● **EXERCISE BRIEF**
When you copy from the entries that follow, take only the lines from the one with "Rooster realized from" down to the one with "French or Italian", keeping both ends and dropping every picture.

● **RECORDS TO PROCESS**
----

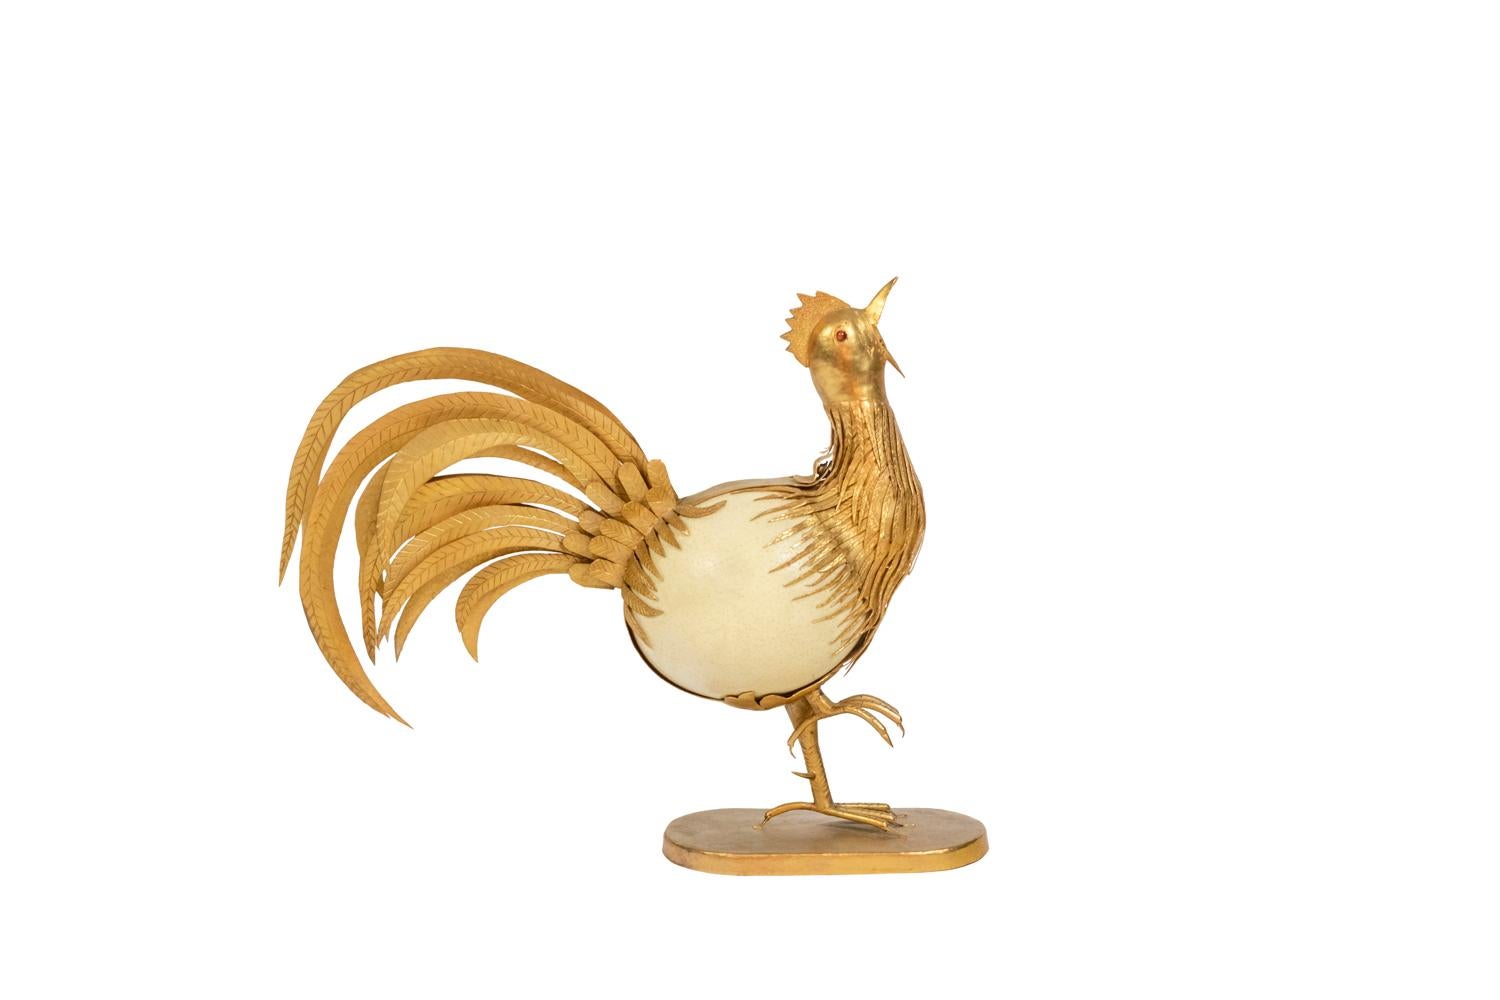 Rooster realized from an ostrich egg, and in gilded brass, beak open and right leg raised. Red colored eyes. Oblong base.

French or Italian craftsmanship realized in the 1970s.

----

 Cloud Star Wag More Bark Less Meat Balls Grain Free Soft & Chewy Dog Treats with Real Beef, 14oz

----

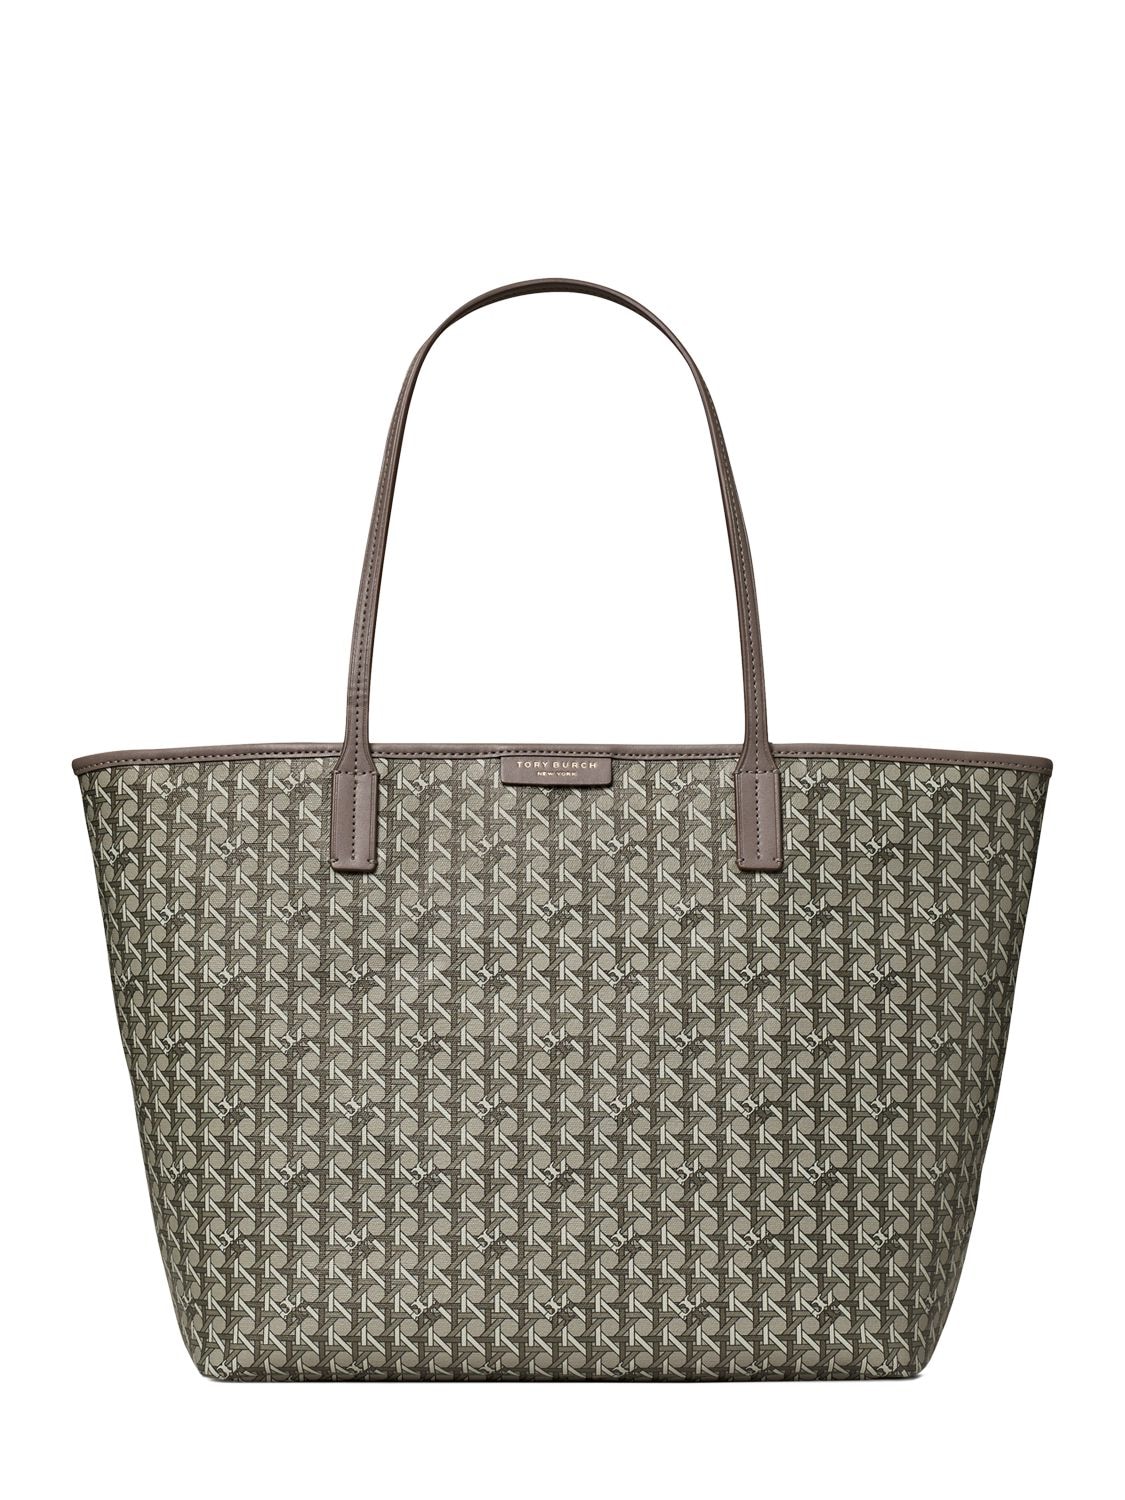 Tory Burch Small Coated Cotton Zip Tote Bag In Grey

----

● **RESULT OF THE TASK**
 Rooster realized from an ostrich egg, and in gilded brass, beak open and right leg raised. Red colored eyes. Oblong base.

French or Italian craftsmanship realized in the 1970s.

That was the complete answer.